TASK DESCRIPTION: Look below for the line with "House interior architecture"; begin the copy there and stop after the line with "gay handjob free amateur porn videos", keeping the text exact and the pictures out.

PROVIDED DATA:
..........
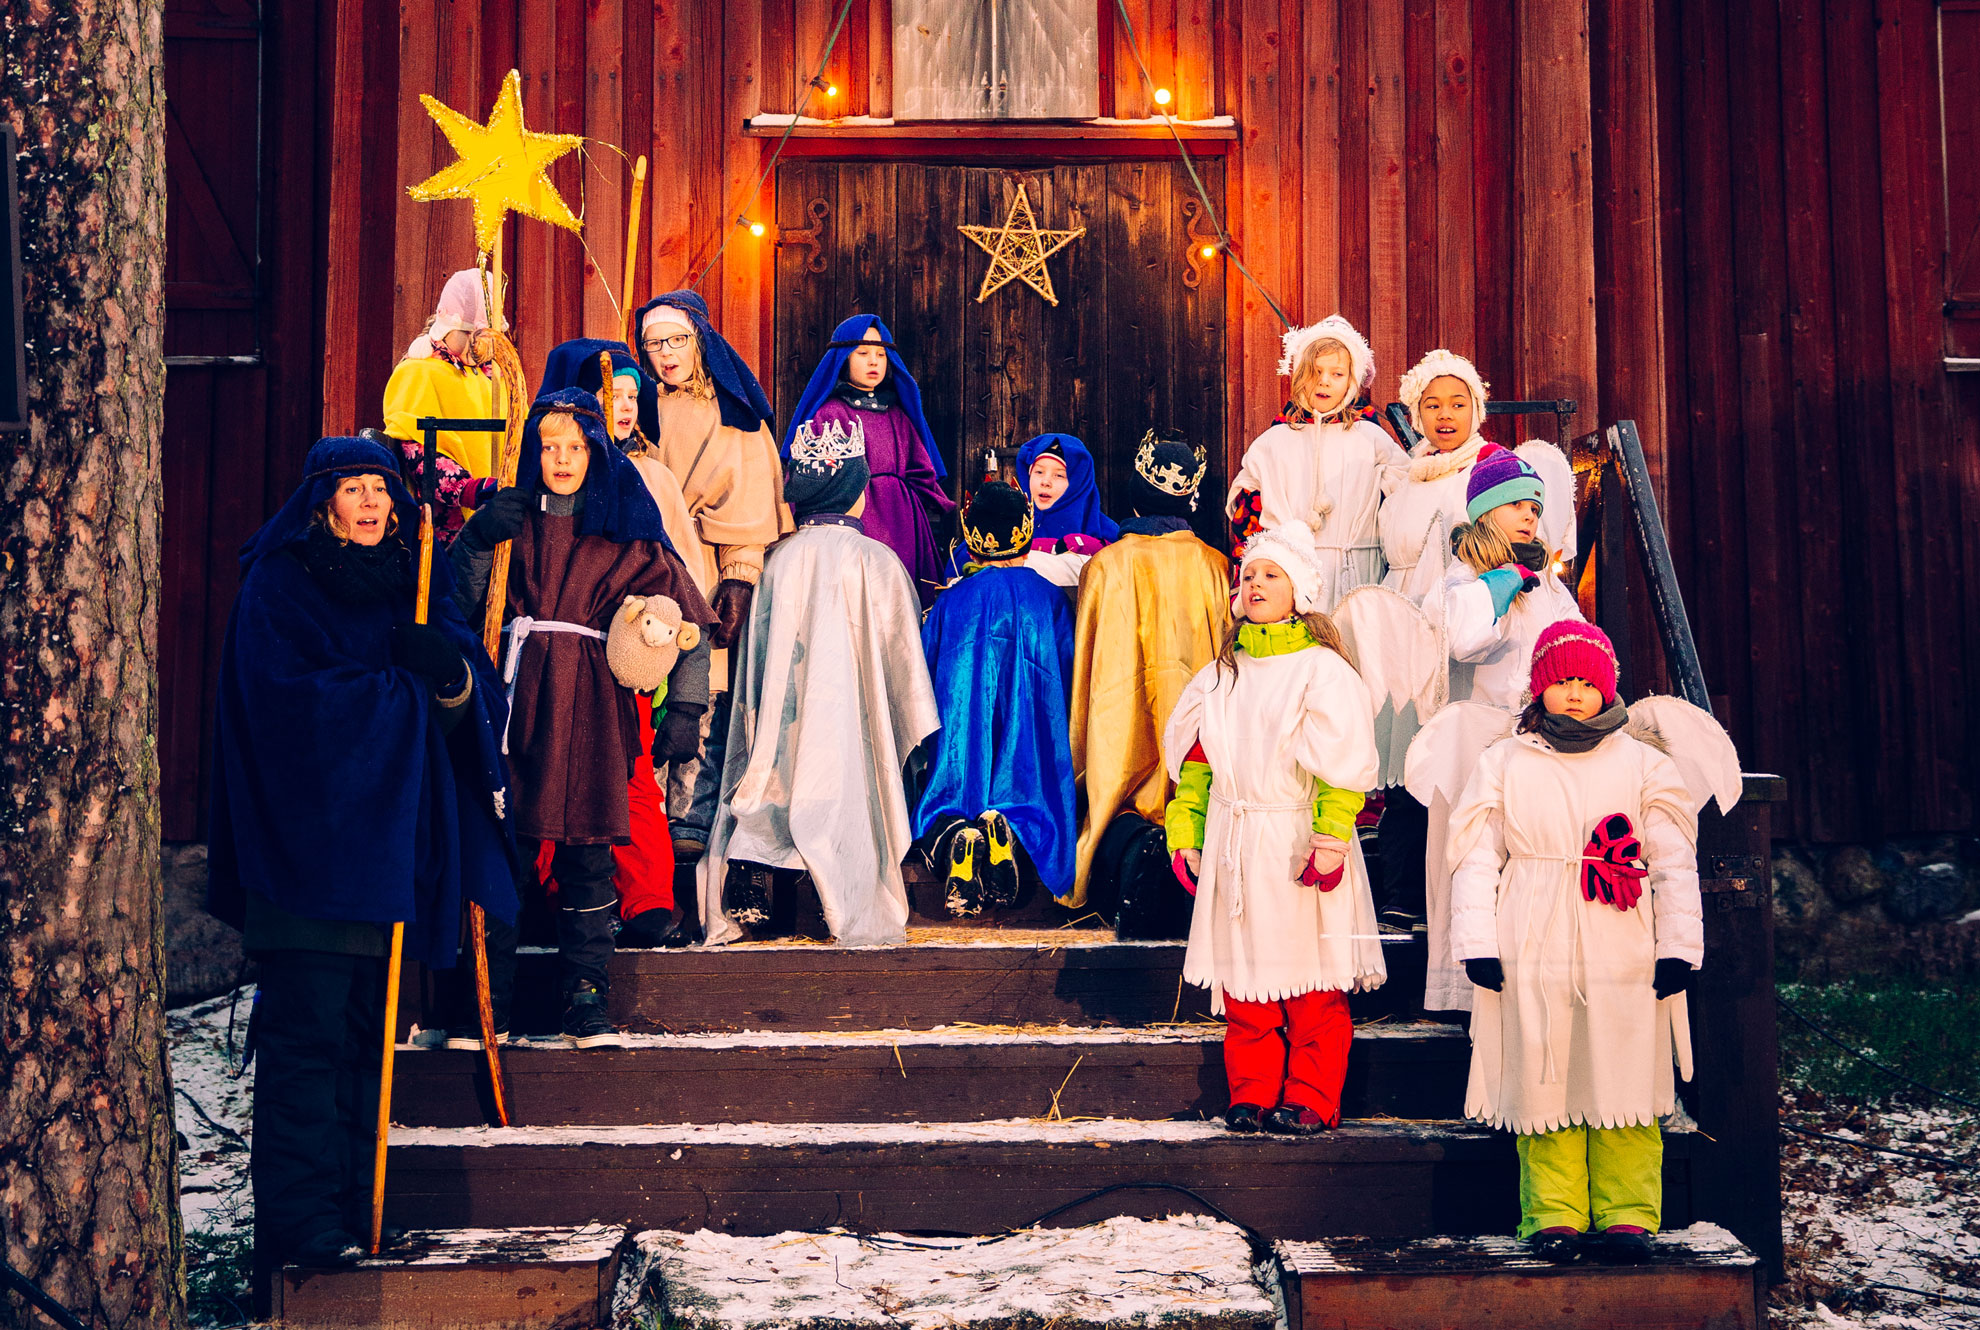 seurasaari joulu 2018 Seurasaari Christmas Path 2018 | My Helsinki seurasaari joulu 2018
..........
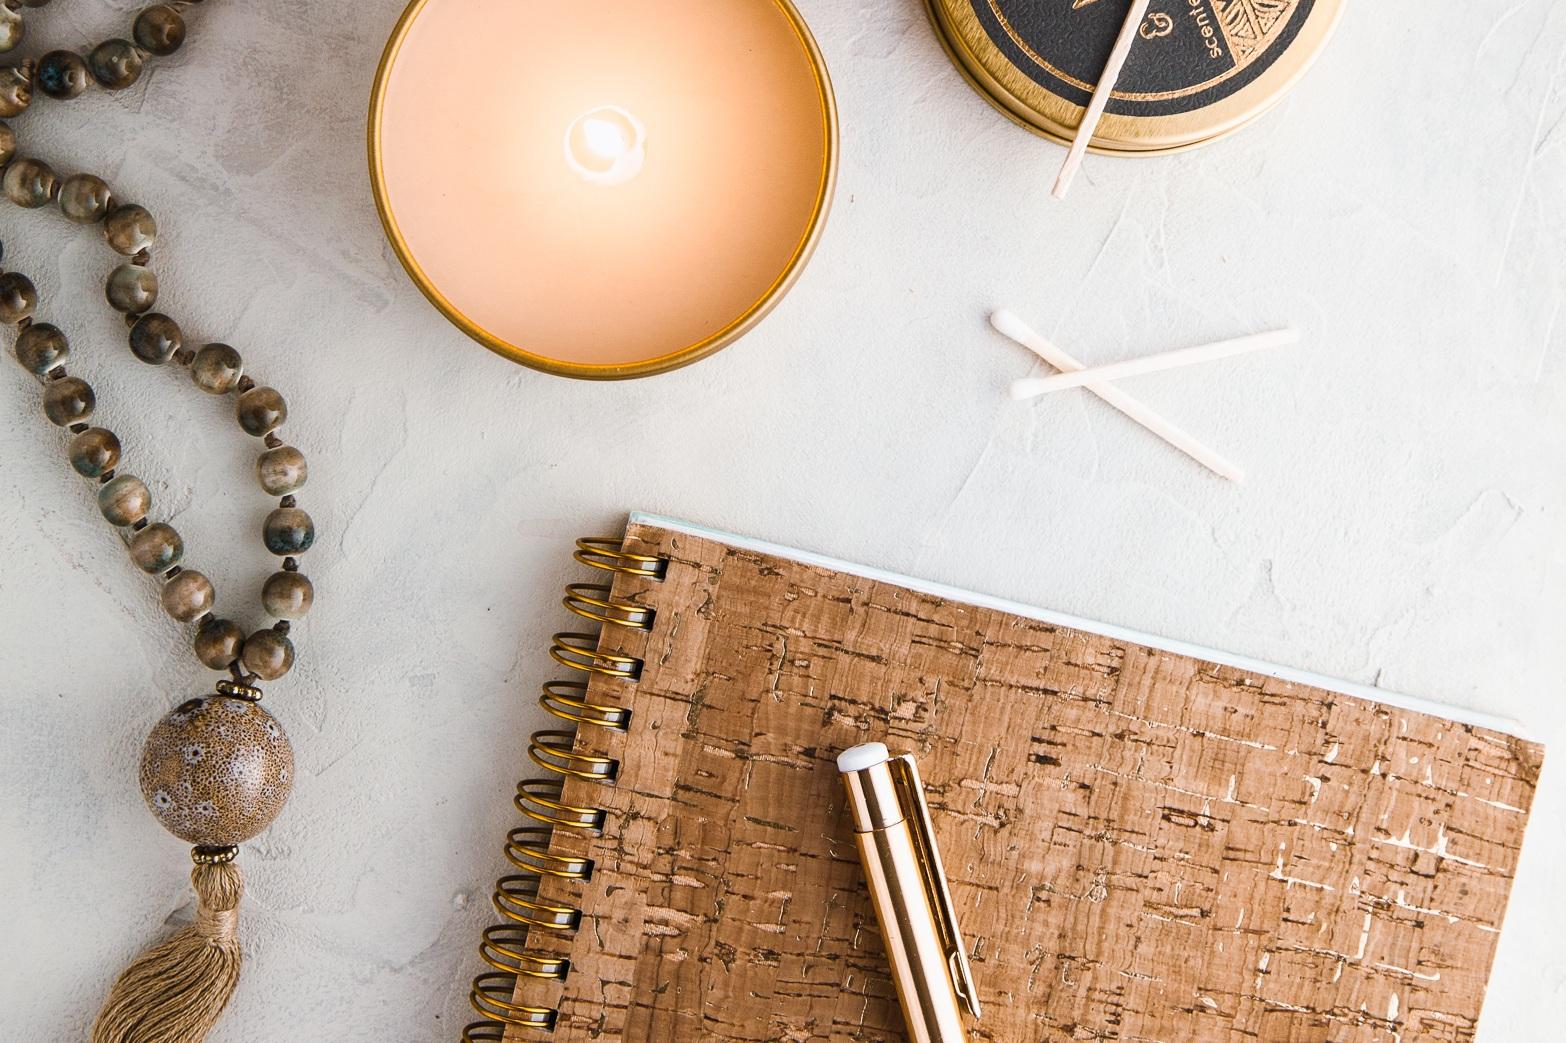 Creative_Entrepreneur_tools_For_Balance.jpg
..........
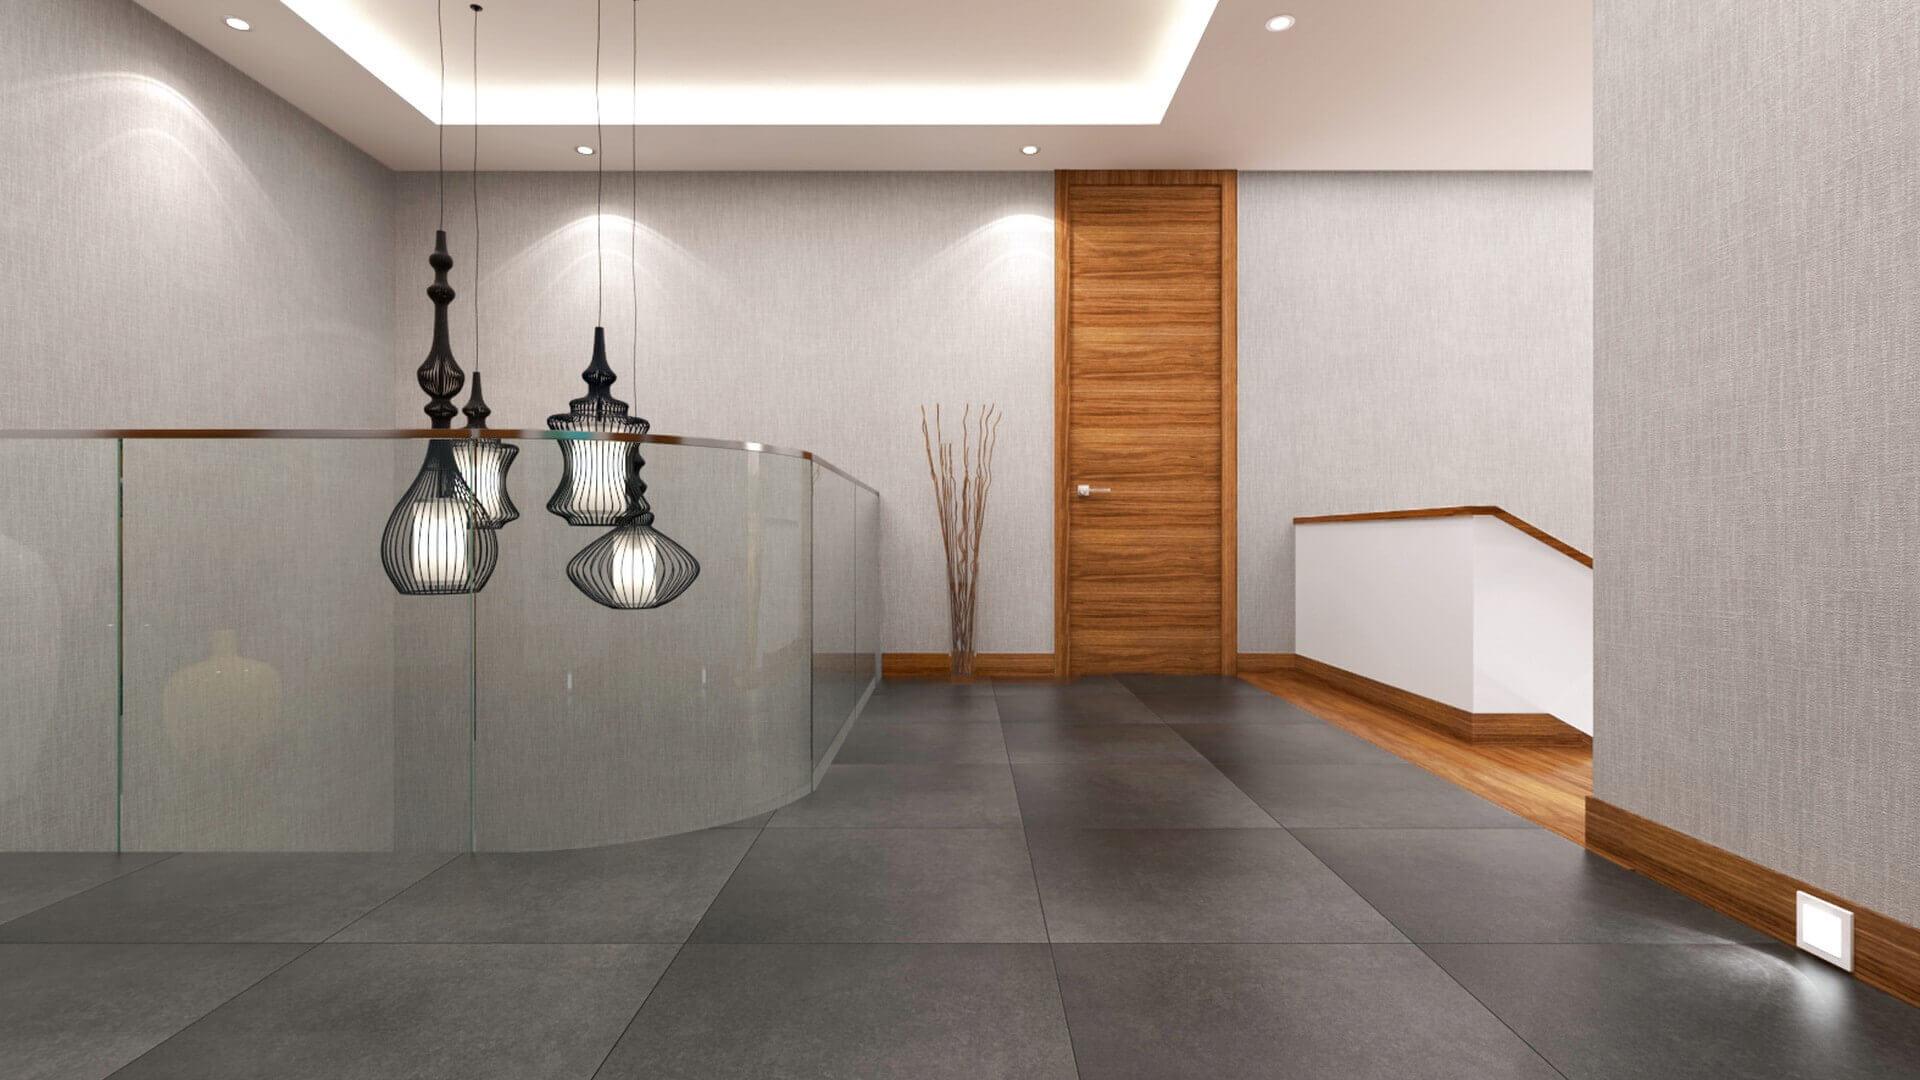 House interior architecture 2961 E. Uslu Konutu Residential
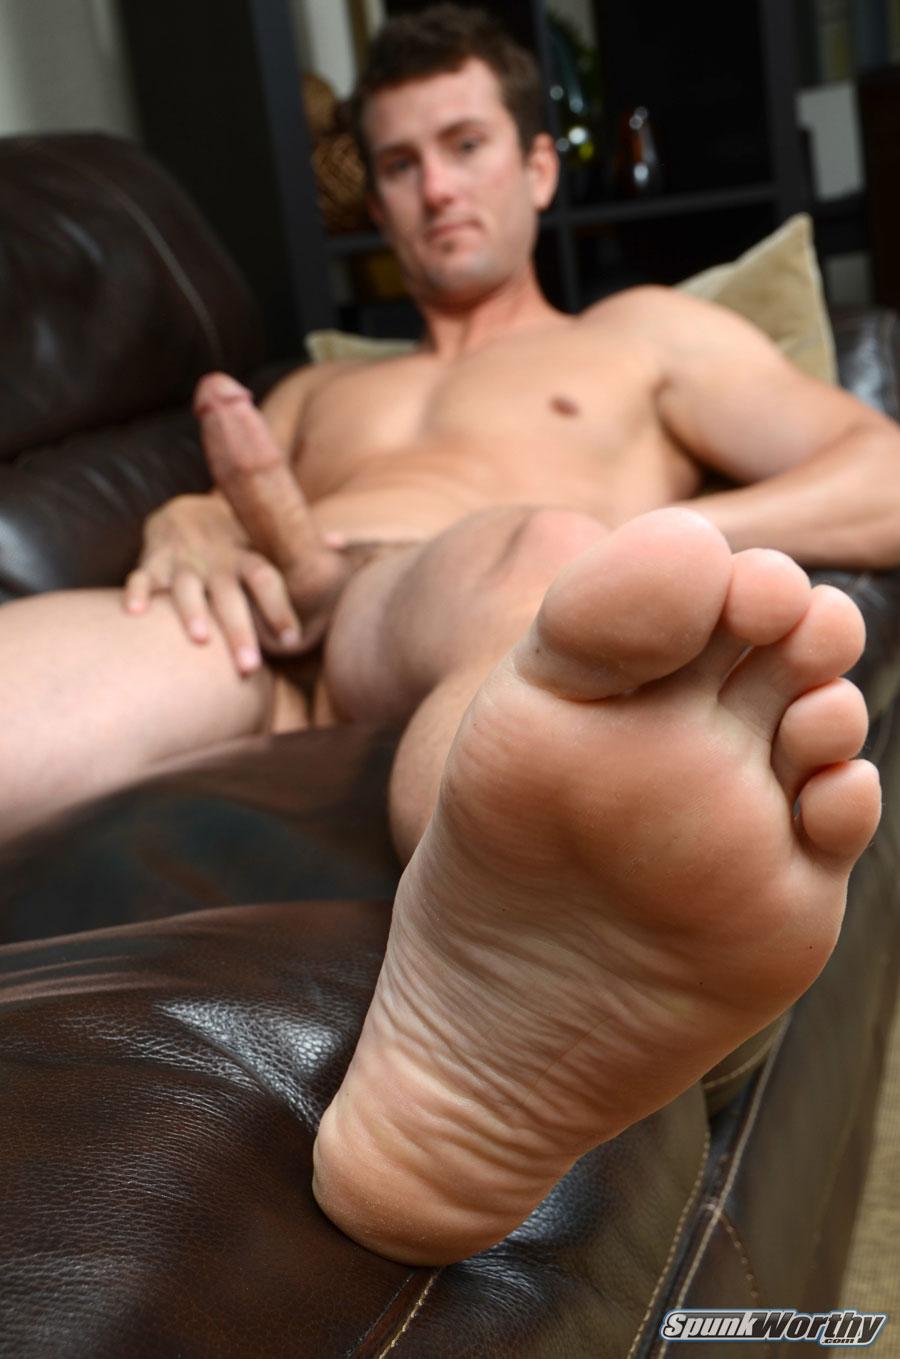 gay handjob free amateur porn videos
..........
RESULT OF THIS TASK:
 House interior architecture 2961 E. Uslu Konutu Residential
 gay handjob free amateur porn videos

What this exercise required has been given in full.